Aim of the exercise:
Copy each line of the records that holds the string "Apple".

Provided material:
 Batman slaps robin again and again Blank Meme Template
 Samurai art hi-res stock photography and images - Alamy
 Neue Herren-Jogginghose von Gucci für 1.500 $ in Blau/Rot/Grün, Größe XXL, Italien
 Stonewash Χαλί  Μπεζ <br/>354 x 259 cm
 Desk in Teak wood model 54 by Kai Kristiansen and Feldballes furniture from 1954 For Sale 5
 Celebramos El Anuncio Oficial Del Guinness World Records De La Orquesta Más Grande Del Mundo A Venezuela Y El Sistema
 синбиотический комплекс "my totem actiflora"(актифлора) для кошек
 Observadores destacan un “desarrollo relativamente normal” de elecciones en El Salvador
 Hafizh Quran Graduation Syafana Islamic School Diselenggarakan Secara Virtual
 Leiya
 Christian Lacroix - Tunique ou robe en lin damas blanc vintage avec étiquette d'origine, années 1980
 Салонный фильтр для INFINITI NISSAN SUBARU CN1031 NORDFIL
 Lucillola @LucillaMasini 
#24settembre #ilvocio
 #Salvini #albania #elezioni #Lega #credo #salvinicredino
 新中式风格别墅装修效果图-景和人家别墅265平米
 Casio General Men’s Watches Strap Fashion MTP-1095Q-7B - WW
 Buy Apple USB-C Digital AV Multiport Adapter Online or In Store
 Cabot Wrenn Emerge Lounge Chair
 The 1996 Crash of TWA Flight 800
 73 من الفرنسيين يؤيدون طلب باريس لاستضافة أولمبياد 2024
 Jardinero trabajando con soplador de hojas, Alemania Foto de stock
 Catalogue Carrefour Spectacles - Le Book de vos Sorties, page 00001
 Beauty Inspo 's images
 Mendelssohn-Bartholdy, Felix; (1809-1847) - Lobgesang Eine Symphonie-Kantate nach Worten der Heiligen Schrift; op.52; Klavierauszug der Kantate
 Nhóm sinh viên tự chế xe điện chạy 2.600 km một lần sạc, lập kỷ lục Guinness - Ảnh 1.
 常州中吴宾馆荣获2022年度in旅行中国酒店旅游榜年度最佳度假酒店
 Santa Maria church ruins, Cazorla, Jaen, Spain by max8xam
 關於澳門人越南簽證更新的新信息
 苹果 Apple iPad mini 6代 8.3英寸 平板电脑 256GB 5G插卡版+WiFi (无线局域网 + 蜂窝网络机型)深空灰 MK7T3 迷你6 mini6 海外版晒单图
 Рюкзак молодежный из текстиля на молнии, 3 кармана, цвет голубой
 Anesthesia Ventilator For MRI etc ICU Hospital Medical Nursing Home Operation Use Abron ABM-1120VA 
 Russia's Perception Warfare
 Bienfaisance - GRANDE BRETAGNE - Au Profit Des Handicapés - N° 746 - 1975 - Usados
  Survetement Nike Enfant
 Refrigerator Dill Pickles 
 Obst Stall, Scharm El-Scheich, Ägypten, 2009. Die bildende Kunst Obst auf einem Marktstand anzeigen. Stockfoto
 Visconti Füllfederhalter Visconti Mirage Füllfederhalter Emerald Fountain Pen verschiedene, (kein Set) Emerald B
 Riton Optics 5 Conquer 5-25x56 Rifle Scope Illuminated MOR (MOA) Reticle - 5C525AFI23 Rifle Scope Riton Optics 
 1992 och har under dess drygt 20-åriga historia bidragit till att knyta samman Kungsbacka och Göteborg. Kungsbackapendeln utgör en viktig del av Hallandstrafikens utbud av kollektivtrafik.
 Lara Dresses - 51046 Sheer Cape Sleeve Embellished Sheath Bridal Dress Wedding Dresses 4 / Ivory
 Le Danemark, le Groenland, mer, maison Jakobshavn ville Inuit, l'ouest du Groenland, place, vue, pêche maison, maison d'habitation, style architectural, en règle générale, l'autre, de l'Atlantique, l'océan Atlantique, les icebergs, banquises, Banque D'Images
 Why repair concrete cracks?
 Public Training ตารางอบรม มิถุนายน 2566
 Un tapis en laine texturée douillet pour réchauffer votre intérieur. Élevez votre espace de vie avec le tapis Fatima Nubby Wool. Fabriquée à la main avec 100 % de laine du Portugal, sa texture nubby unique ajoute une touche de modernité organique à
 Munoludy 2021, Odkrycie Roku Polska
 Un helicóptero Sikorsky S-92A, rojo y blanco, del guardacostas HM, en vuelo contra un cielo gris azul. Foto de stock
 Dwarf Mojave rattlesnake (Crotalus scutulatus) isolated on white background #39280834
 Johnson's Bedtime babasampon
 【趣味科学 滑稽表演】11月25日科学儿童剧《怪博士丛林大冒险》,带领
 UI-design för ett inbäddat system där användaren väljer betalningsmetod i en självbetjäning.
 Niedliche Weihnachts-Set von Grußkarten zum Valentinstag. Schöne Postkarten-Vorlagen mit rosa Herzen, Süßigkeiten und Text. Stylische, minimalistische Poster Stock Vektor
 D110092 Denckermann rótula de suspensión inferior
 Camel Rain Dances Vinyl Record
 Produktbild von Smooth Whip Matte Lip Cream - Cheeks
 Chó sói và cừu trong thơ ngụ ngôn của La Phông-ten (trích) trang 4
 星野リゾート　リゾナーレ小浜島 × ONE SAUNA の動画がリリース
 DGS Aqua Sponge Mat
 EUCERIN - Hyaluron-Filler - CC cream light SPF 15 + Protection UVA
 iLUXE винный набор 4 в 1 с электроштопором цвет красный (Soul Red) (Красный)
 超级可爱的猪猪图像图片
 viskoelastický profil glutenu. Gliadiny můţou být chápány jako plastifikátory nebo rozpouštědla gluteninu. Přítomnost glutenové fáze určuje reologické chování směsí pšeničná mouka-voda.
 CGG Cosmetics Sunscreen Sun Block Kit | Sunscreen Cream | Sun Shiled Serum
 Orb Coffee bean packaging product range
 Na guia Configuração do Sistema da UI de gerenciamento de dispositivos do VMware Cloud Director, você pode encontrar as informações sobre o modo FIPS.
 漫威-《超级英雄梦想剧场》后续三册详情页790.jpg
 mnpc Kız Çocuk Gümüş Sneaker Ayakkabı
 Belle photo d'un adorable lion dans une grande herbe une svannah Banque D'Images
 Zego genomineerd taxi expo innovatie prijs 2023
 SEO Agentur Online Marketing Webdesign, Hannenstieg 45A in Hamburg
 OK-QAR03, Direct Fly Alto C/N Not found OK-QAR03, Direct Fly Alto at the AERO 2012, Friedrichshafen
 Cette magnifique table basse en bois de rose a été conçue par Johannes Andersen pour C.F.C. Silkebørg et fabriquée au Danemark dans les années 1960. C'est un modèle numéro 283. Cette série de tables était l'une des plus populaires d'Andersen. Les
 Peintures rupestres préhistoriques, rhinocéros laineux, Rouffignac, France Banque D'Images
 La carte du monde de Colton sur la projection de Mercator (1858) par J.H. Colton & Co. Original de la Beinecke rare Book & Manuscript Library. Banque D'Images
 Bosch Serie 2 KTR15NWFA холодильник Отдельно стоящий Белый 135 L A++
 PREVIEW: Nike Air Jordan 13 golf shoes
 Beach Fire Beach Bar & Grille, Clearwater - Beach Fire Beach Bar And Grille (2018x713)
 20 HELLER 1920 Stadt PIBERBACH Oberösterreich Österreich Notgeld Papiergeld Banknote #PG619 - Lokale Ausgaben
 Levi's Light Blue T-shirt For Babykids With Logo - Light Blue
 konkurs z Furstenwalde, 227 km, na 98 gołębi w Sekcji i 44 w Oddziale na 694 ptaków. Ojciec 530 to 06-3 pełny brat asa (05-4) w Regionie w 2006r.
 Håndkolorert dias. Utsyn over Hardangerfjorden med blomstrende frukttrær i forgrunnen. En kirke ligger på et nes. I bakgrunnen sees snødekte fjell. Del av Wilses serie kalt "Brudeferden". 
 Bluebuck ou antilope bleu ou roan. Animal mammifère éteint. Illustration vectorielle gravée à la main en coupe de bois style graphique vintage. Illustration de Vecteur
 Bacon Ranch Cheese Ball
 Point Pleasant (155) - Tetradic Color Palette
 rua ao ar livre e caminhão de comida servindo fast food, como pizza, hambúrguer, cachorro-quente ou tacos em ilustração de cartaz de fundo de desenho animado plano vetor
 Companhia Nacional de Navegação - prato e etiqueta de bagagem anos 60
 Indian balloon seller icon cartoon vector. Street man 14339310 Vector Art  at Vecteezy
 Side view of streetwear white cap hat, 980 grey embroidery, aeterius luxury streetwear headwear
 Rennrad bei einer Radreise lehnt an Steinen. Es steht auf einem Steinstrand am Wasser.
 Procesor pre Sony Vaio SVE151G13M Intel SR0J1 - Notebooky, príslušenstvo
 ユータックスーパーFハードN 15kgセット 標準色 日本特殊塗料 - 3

Answer to the exercise:
 Buy Apple USB-C Digital AV Multiport Adapter Online or In Store
 苹果 Apple iPad mini 6代 8.3英寸 平板电脑 256GB 5G插卡版+WiFi (无线局域网 + 蜂窝网络机型)深空灰 MK7T3 迷你6 mini6 海外版晒单图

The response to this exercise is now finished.